= Supplied information =
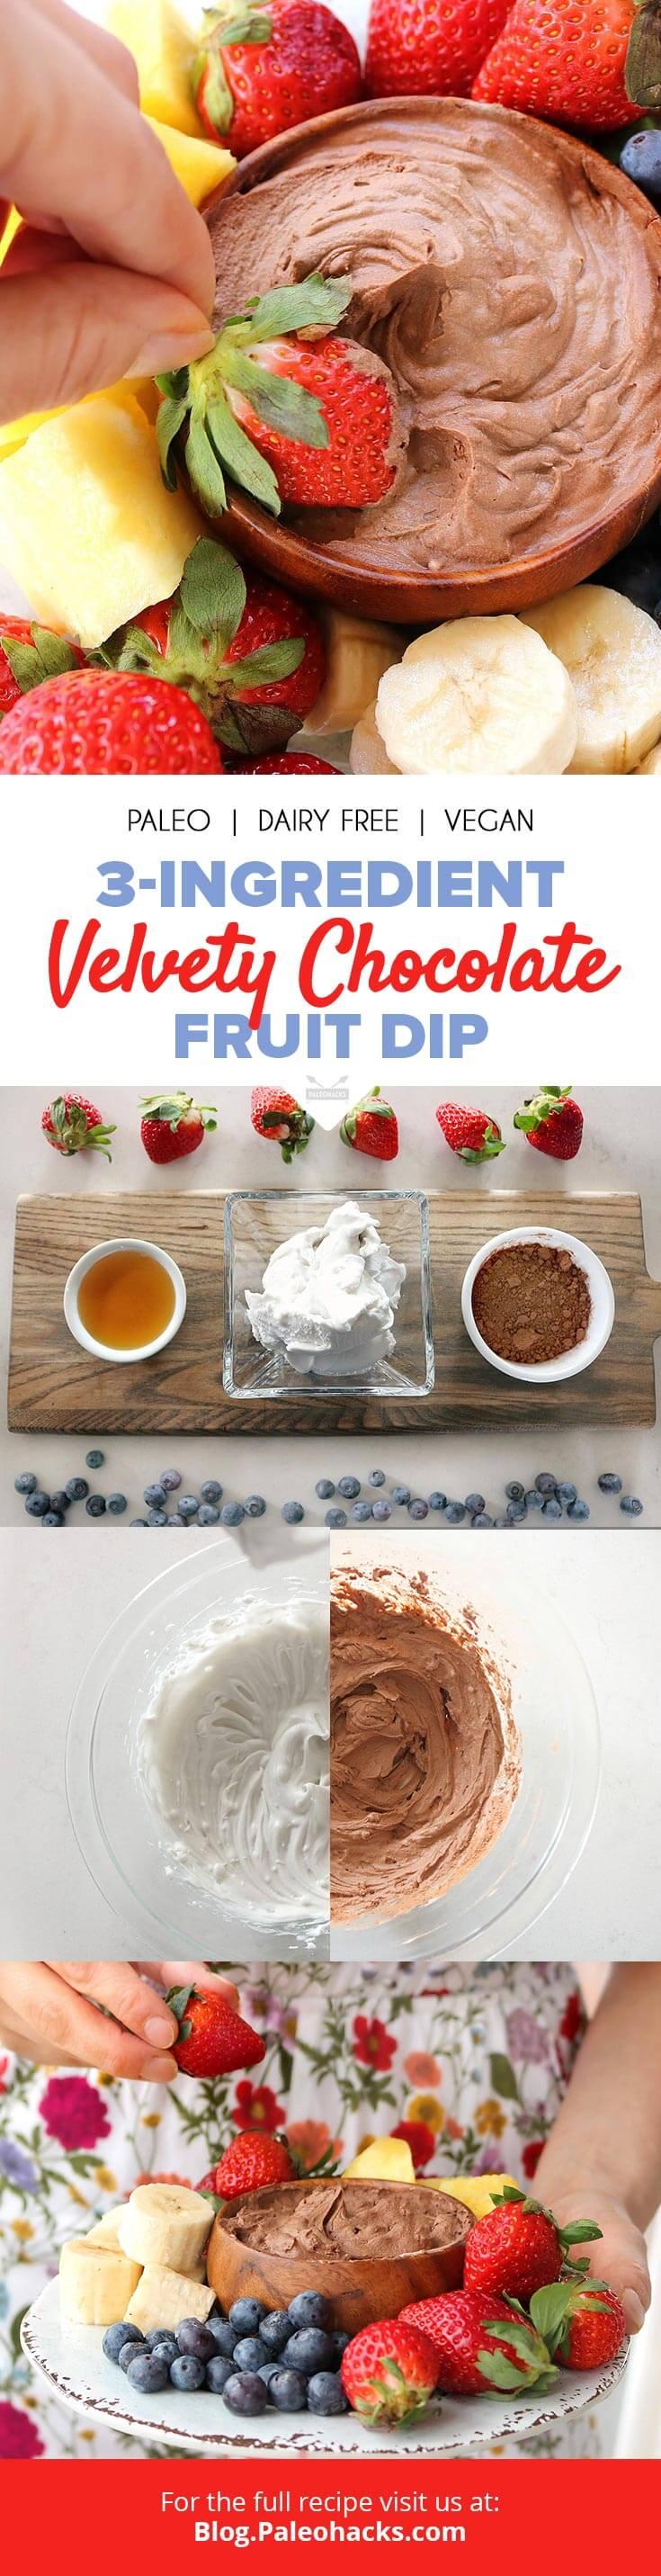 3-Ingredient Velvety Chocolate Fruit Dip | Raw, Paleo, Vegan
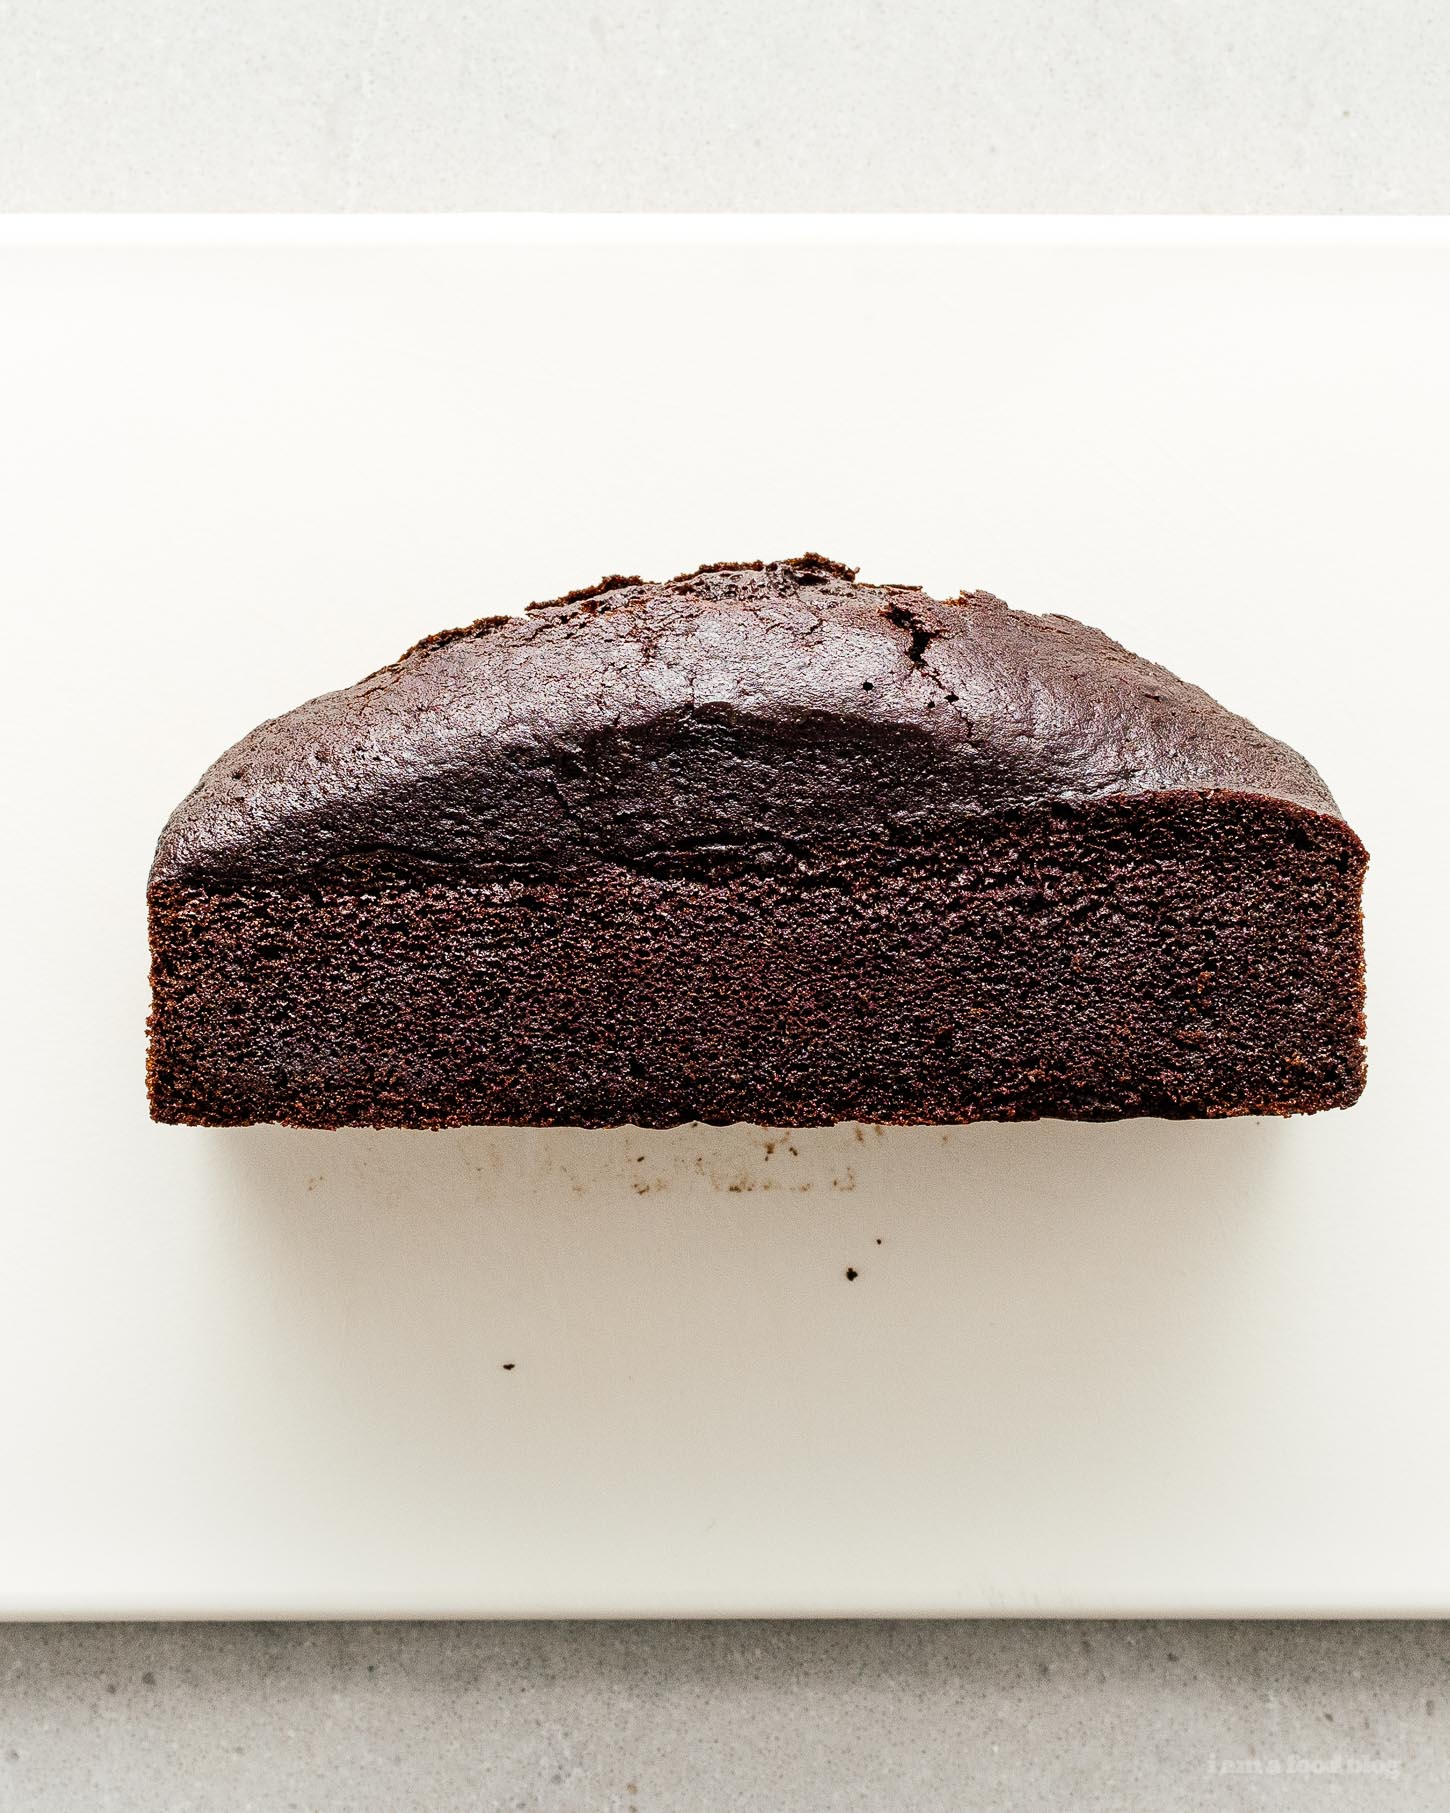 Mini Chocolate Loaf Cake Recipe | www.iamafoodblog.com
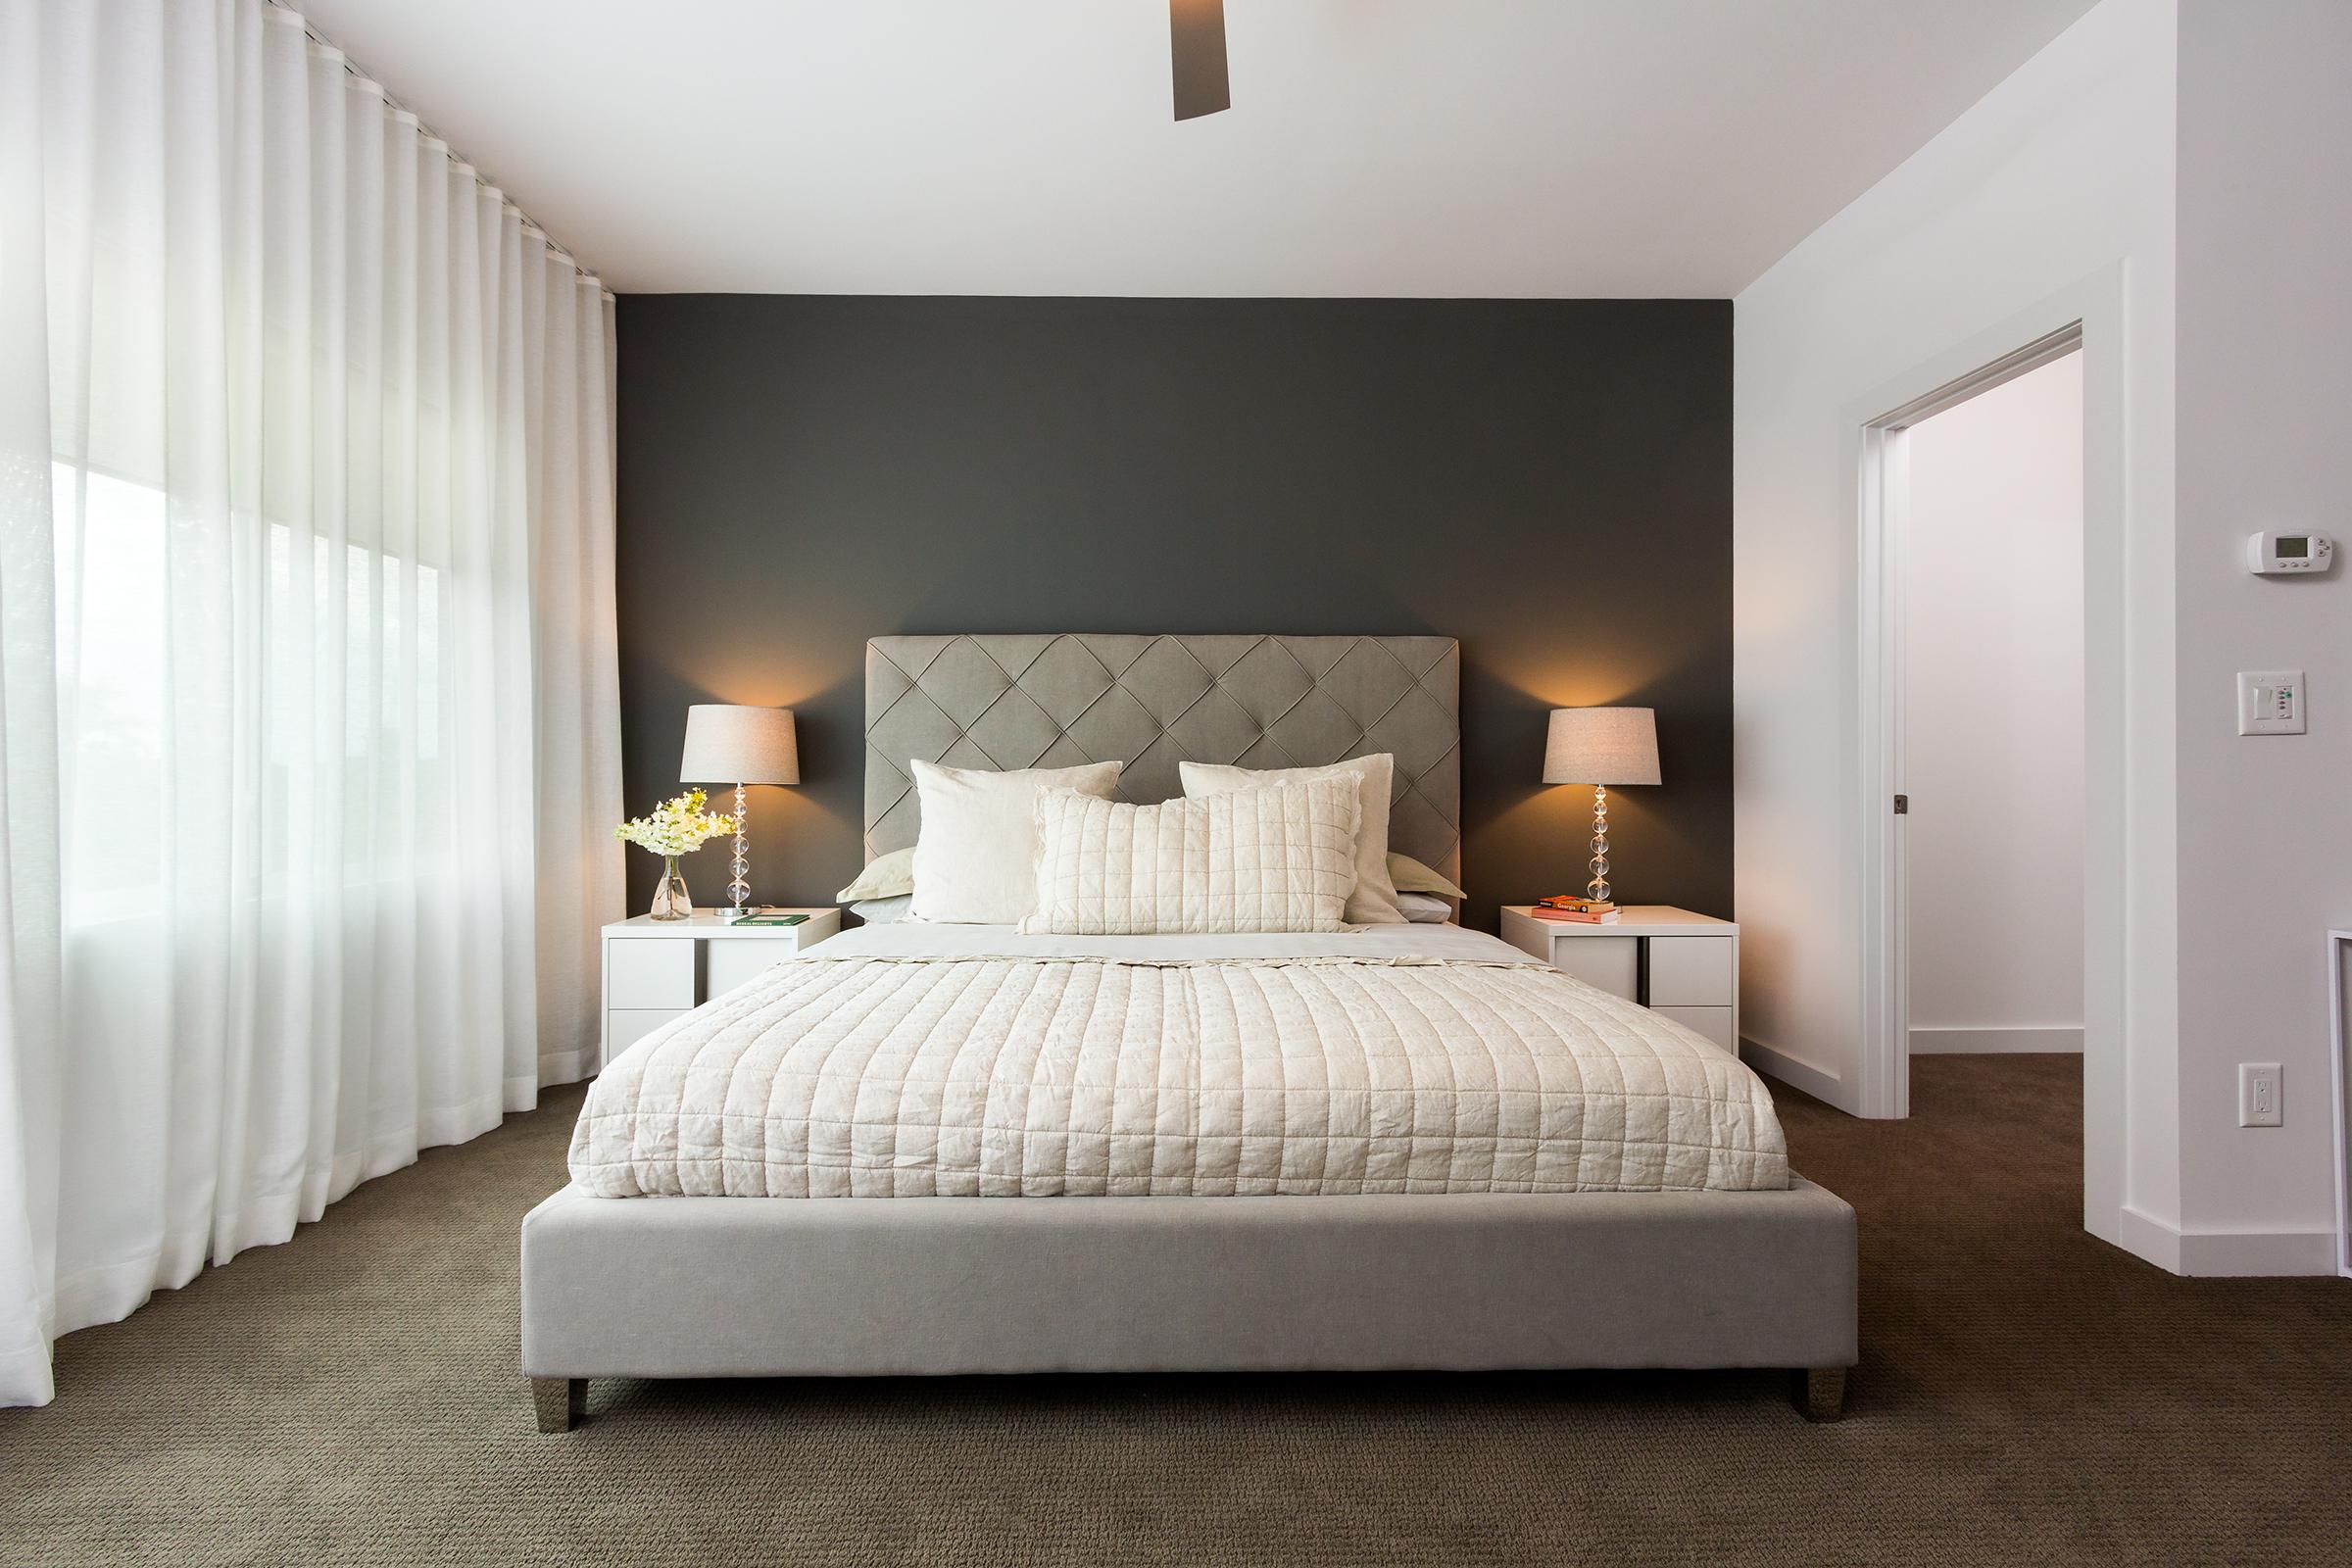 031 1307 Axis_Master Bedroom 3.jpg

= Your task =
Transcribe the whole listing exactly. Pictures stay out of your copy.

= Solved exercise =
 3-Ingredient Velvety Chocolate Fruit Dip | Raw, Paleo, Vegan
 Mini Chocolate Loaf Cake Recipe | www.iamafoodblog.com
 031 1307 Axis_Master Bedroom 3.jpg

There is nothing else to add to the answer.